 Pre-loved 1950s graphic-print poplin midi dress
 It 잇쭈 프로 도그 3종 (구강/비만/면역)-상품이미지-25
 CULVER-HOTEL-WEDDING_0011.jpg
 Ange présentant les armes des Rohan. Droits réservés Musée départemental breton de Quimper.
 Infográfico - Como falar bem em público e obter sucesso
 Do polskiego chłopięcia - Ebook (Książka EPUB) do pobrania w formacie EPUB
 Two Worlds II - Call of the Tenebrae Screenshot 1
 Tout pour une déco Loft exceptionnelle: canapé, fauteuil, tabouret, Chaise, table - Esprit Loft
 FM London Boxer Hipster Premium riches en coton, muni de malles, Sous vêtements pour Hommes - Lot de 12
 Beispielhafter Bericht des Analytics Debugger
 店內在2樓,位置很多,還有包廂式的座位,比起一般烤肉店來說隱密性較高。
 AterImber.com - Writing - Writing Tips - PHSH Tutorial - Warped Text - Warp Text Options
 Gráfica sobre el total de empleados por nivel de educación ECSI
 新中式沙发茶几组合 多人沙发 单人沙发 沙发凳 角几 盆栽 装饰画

****

■ **Task**:
Copy out every line of the listing where the word "pour" occurs.

■ **Completed exercise**:
 Tout pour une déco Loft exceptionnelle: canapé, fauteuil, tabouret, Chaise, table - Esprit Loft
 FM London Boxer Hipster Premium riches en coton, muni de malles, Sous vêtements pour Hommes - Lot de 12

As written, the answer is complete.